Looking south from Abbey Road and the Red Line train station, Harbor Bay’s phase two would rise immediately left of phase one and tower over the adjacent rapid transit tracks and parallel Red Line Greenway (KJP).
“The mass timber tower will consist of glulam (glue-laminated wood) columns and girders with CLT (cross-laminated timber) floor slabs,” Harbor Bay’s entry narrative continued. “Wood is estimated to comprise 50 percent of the total structure. Design and construction efficiencies will be shared with the design and construction community to further advance the viability and cost competitiveness of mass timber in this building type application.”

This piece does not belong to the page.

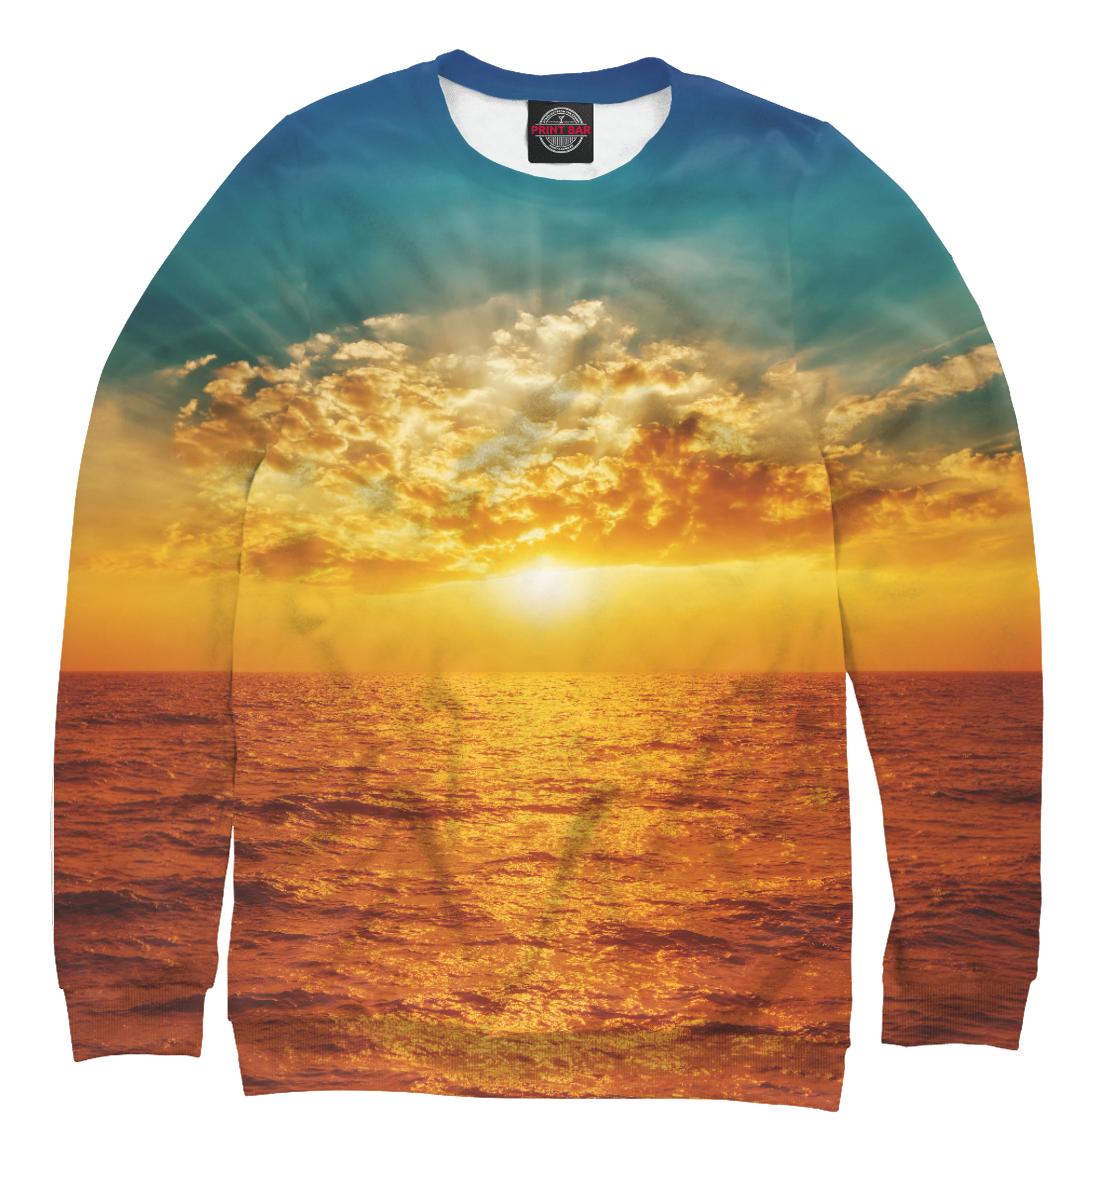 Купить Прекрасный морской закат, Printbar, Свитшоты, MST-807617-swi-2

A nonprofit organization called WoodWorks managed the competition which sought to “showcase mass timber’s innovative applications in architectural design and highlight its significant role in reducing the carbon footprint of the built environment,” according to the SLB press release.
“With carbon stored in the timber and avoided carbon emissions, the carbon benefit is 6,483 metric tons of carbon dioxide in phase two of INTRO, according to the WoodWorks Carbon Calculator,” Harbor Bay wrote in its USDA/SLB submittal. “A comparative carbon impact analysis of this project demonstrates a 39 percent – 56 percent reduction in embodied carbon.”
A wide range of building types — commercial, institutional, educational, industrial, mixed-use and affordable multifamily housing developments — were eligible for submission to the competition so long as the timber sourced for the project demonstrates sustainable forest management and contributes to forest and watershed health. Single-family homes were not eligible and evaluation preference was given to typologies in which timber construction is largely underrepresented including healthcare facilities, large warehouse distribution centers, big-box retailers and tall buildings ranging from six to 18 stories, the SLB said.